6. Rejected alternatives
Section titled “6. Rejected alternatives”- Single global sorted list keyed by
(key, ts)— O(n) scan per op when many keys, terrible cache behavior, no per-key concurrency. Rejected. - Skip-list / red-black tree per key — better for heavy out-of-order writes, but the stated assumption is non-decreasing ts, so
list + append + bisectbeats them on constants and code simplicity. Mention, don’t use. - Store TTL-expiry in the caller’s
tsspace — couples expiry to external clocks. Your code correctly avoided this; state it explicitly instead of as a comment. - Eager delete on TTL with no lazy check on reads — race window where reader sees a still-present expired entry before the reaper gets to it. Must be lazy-first.
- Single global lock — serializes the whole store. Dead on arrival at any real QPS.
The blunt takeaway for you specifically: your instincts are staff-level (wall-clock TTL, heap reaper, per-entry metadata, compaction awareness).
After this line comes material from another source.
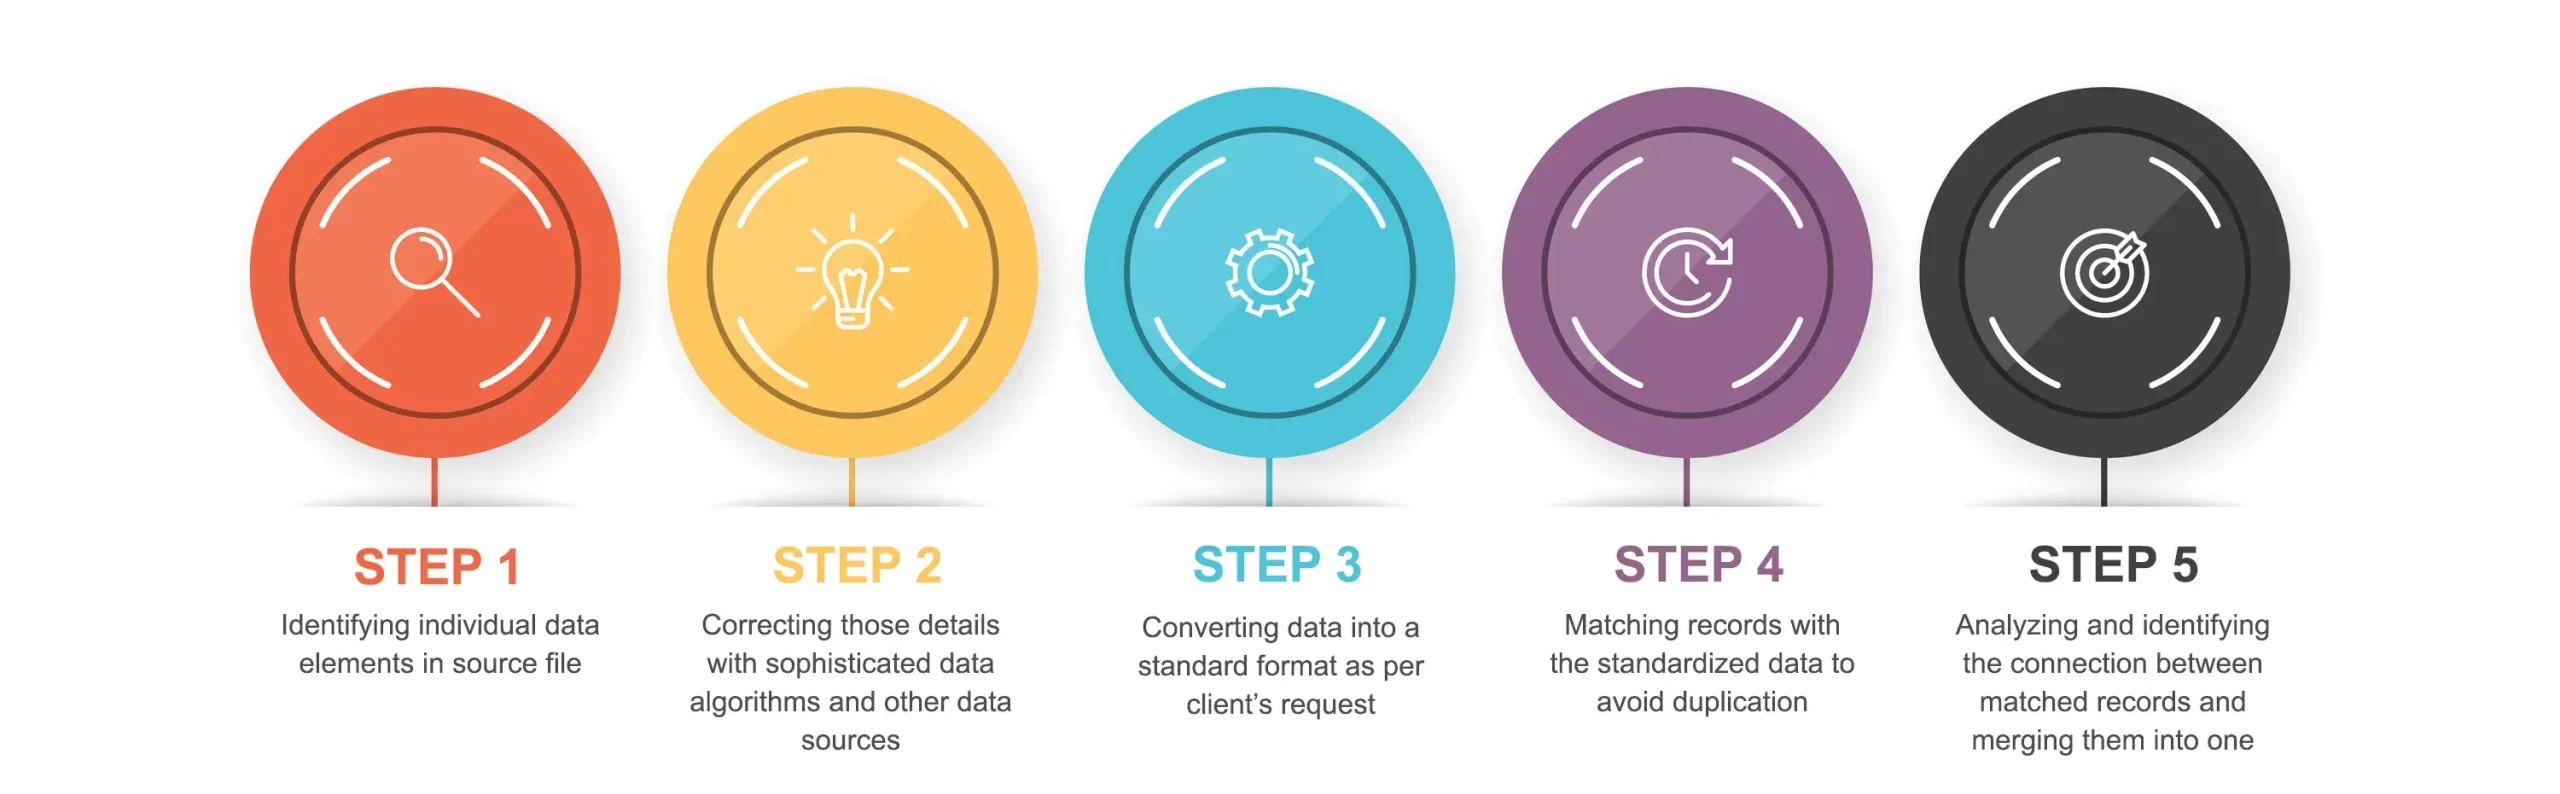 Our 5 Step Data Cleansing Process

Your CoderPad execution isn’t. Binary search templates and “is this mutation consistent across all my parallel arrays” are the kinds of things that cost you interviews even when the design discussion is right. Drill the bisect_left/bisect_right template until it’s automatic, and stop maintaining parallel arrays indexed in lockstep — use a single list of record objects. That one change removes most of your correctness risk.